Die Meinung dieser Demonstranten auf einer Anti-Vatikan-Demo in Rom teile ich definitiv nicht, aber solche Vergleiche hätten durch ein offenes und klares Eintreten gegen Antisemitismus und für Menschenwürde bereits im Keim erstickt werden können.

Die Meinung dieser Demonstranten auf einer Anti-Vatikan-Demo in Rom teile ich definitiv nicht, aber solche Vergleiche hätten durch ein offenes und klares Eintreten gegen Antisemitismus und für Menschenwürde bereits im Keim erstickt werden können.

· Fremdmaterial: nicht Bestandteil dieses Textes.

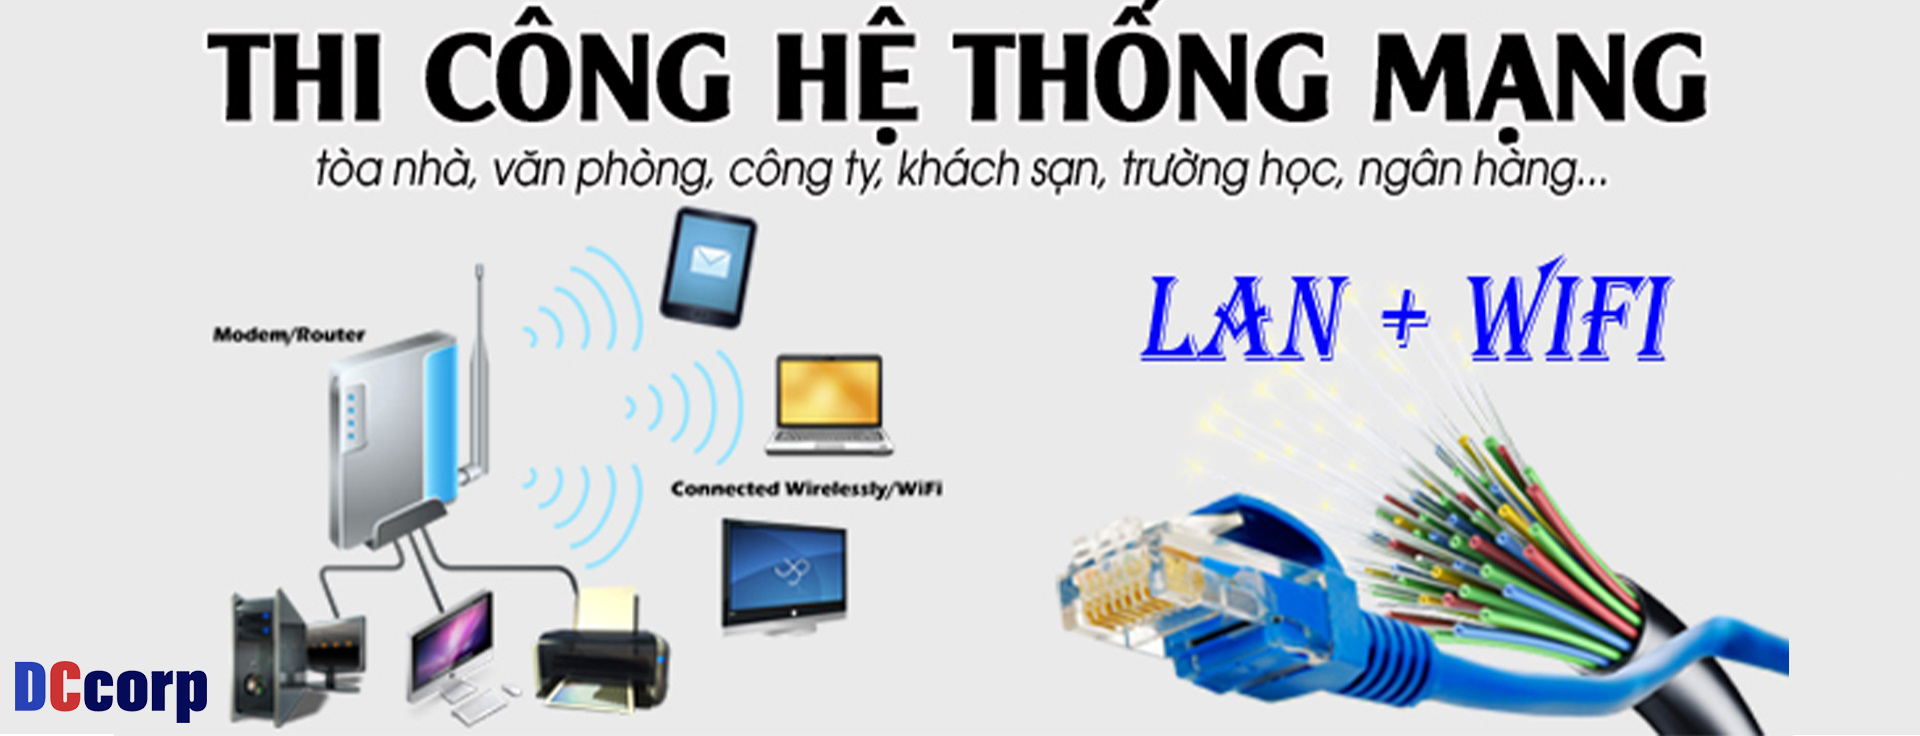 thi cong he thong mang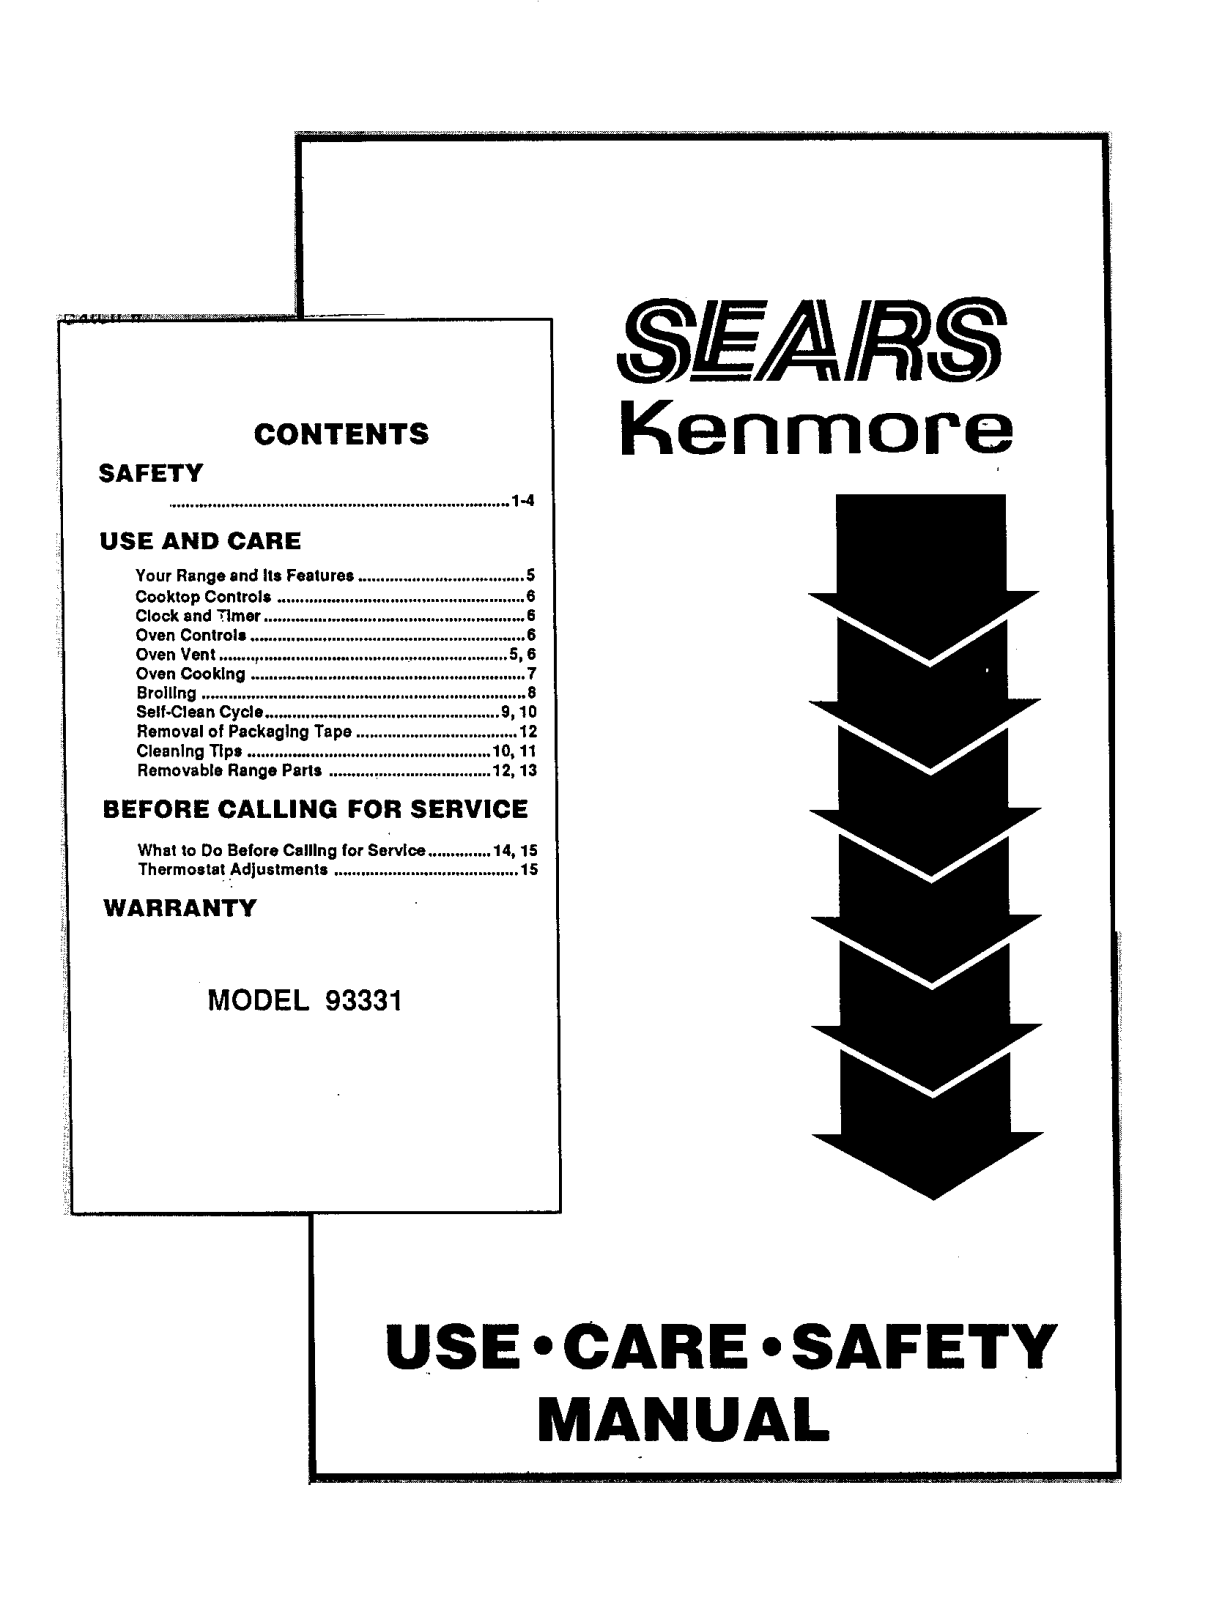 Kenmore 9119333190 Owner’s Manual

entgegenungen, wie die folgende: “offentsichtliches muss man doch nicht noch promulgieren”, wie die eines engagierter vertreter der kurie, sind natürlich grundweg falsch. wenn man möchte, dass offensichtliches offen sichtbar bleibt, dann muss man es auch der öffentlichkeit vorlegen.. andernfalls wird es zu einem öffentlichen geheimnis und gibt anlass zu spekulationen, wenn es nicht gar in vergessenheit gerät. gerade die “hüter” von moral und glauben, sollten dies wissen.

wenn ich also an dem vorgehen der katholischen kirche kritik übe, dann in erster linie dahingehend, dass die kirche ein bild aufgezeichnet hat, welches höchst problematischen personen eine niesche innerhalb ihres gefüges einräumt. problematisch wird dies, weil sich die römisch-katholische-kirche sich per eigendefinition auch als moralisches vorbild für die gesamtgesellschaft sieht, und damit im übertragenen sinne legitimation für neo- und altnazis auch in der gesamtgesellschaft schafft. und, dass dies in keinem fall zutreffend ist, hat die deutsche (medien)öffentlichkeit dankenswerter weise erkannt und zu recht zu einem aktuellen diskussionsthema gemacht.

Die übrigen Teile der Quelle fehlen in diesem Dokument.